Grey literature as a part of 'other methods' in PRISMA 2020 ('other sources' in PRISMA 2009)

Excerpt from the PRISMA 2020 flow diagram

PRISMA 2020 flow diagram template for systematic reviews - excerpt [Page et al. (2021). The PRISMA 2020 statement: an updated guideline for reporting systematic reviews. BMJ, 372, n71.]

A range of approaches and sources are recommended to ensure that you locate all relevant studies (as part of an 'exhaustive' search). 

For example, the Cochrane Manual recommends contacting 'relevant individuals and organizations', searching trials registers, and backward and forward citation searching, alongside searching for grey literature such as reports and conference abstracts. This is everything other than the core search of databases that primarily index published literature such as journal articles.

In terms of reporting, PRISMA 2020 indicates that records from databases and study registers be recorded in one section, and records identified via 'other methods' in a separate box to the right. 

Guidelines and standards

The Cochrane Handbook recommends specific forms of grey literature (which it defines as 'reports [of studies] published outside of traditional commercial publishing') be searched for compliant systematic reviews in the health sciences. It also recommends a number of alternative approaches to locating relevant studies.
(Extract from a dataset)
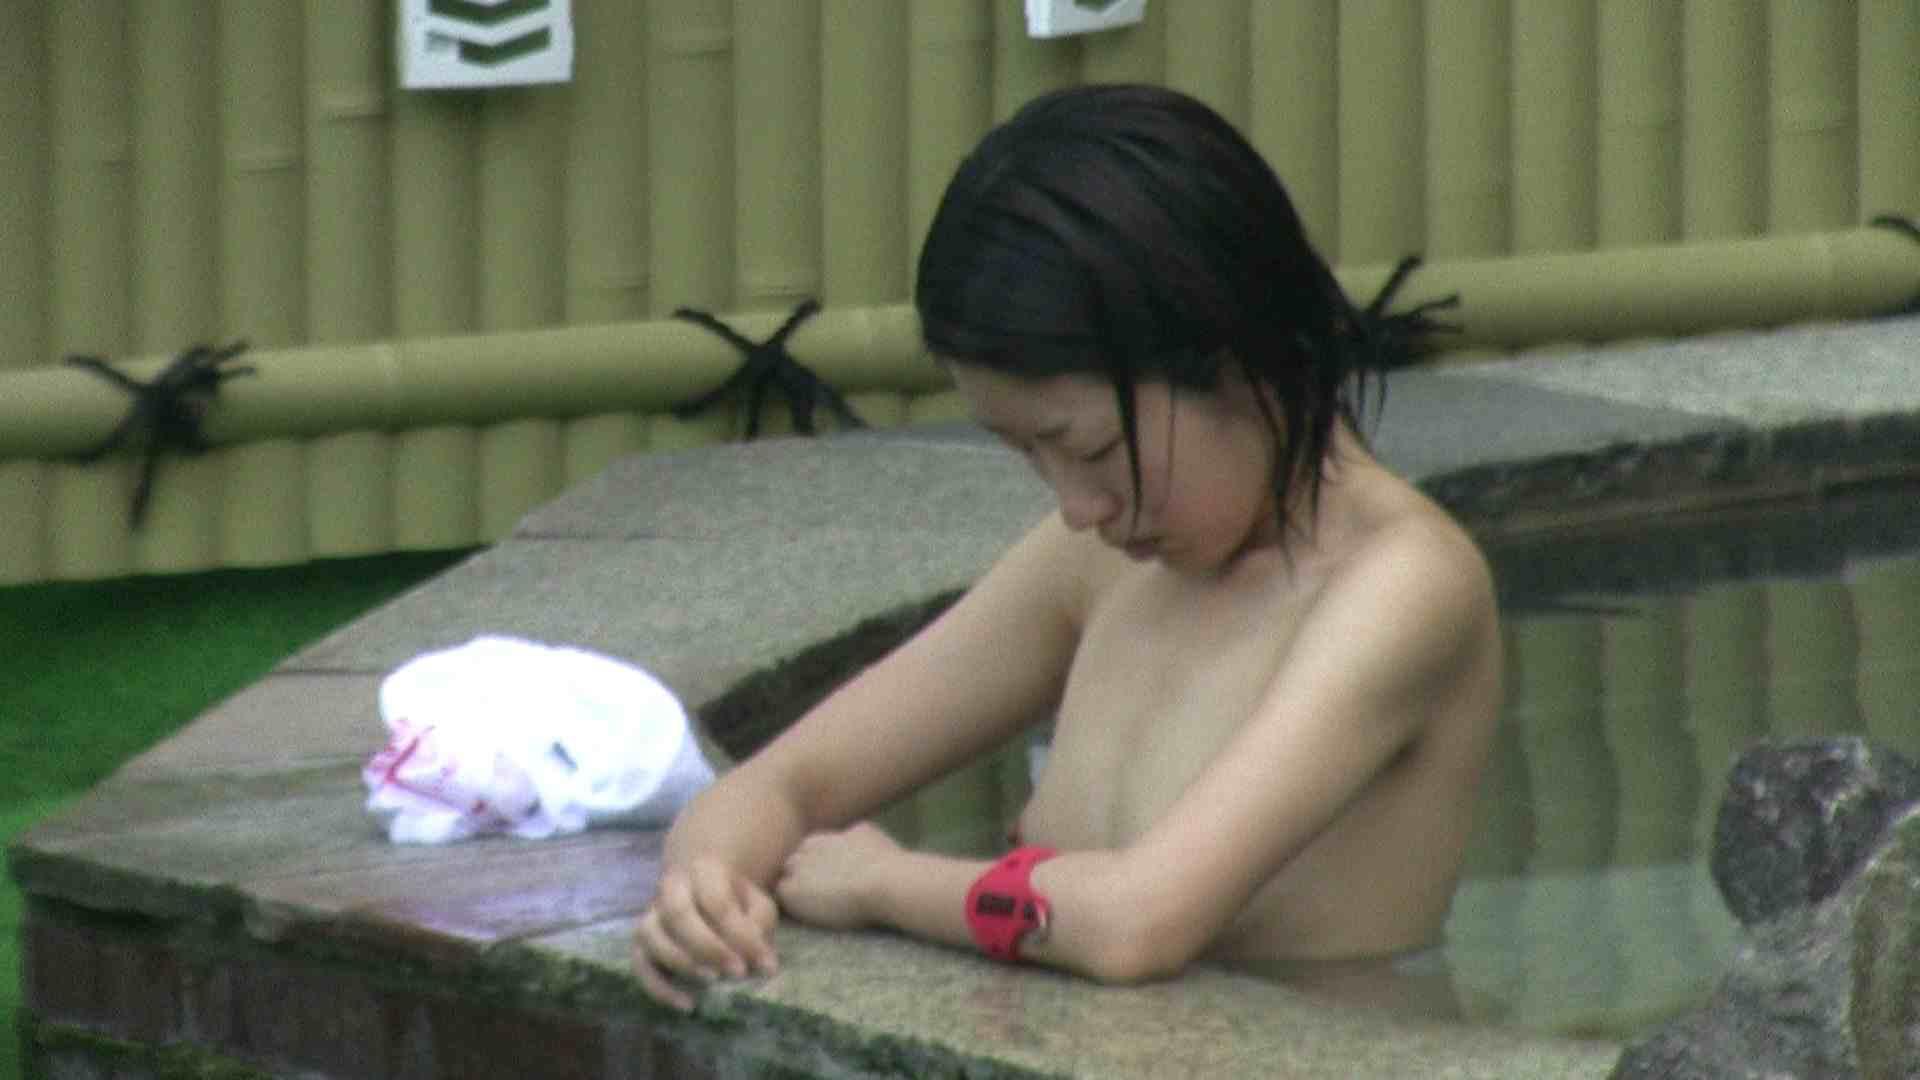 Aquaな露天風呂Vol.133 0  46連発 44
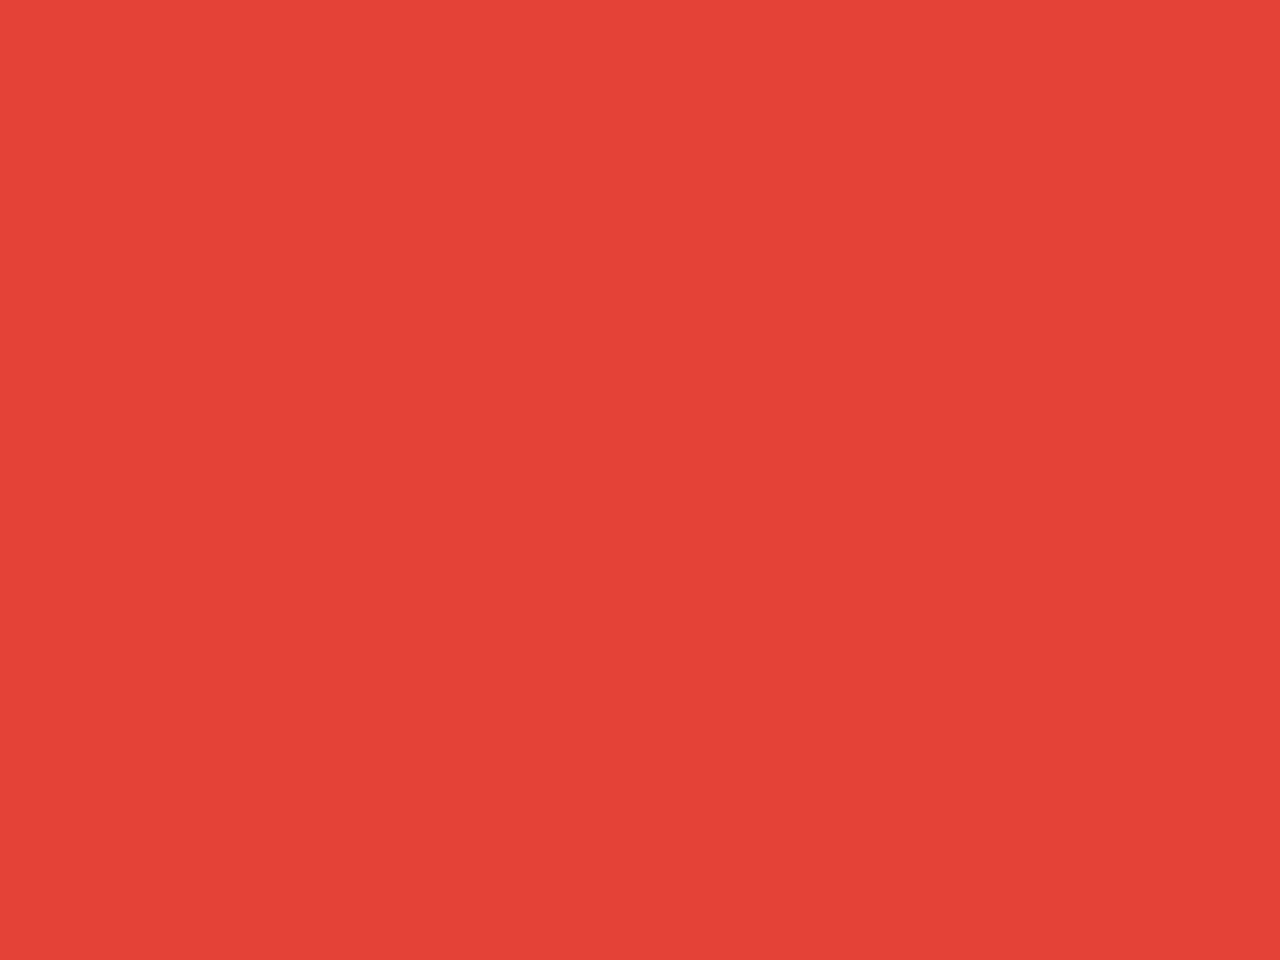 1280x960 Vermilion Cinnabar Solid Color Background

Visit the handbook for more information.

PRISMA 2020 details reporting requirements for information sources and strategies.

Grey literature in evidence based practice

Its key purpose is to overcome (or at least minimise) publication or reporting bias.

“…published trials tend to be larger and show an overall greater treatment effect than grey trials.”
(Hopewell et al. 2007, p. 2).

¨Campbell reviews must include a systematic search for unpublished reports (to avoid publication bias)”
(Campbell Collaboration)

Many scientifically valid studies, especially those with negative results, may never be published. If your review is solely based on published literature, which tends to report positive results, your conclusions regarding effects are more likely to be exaggerated.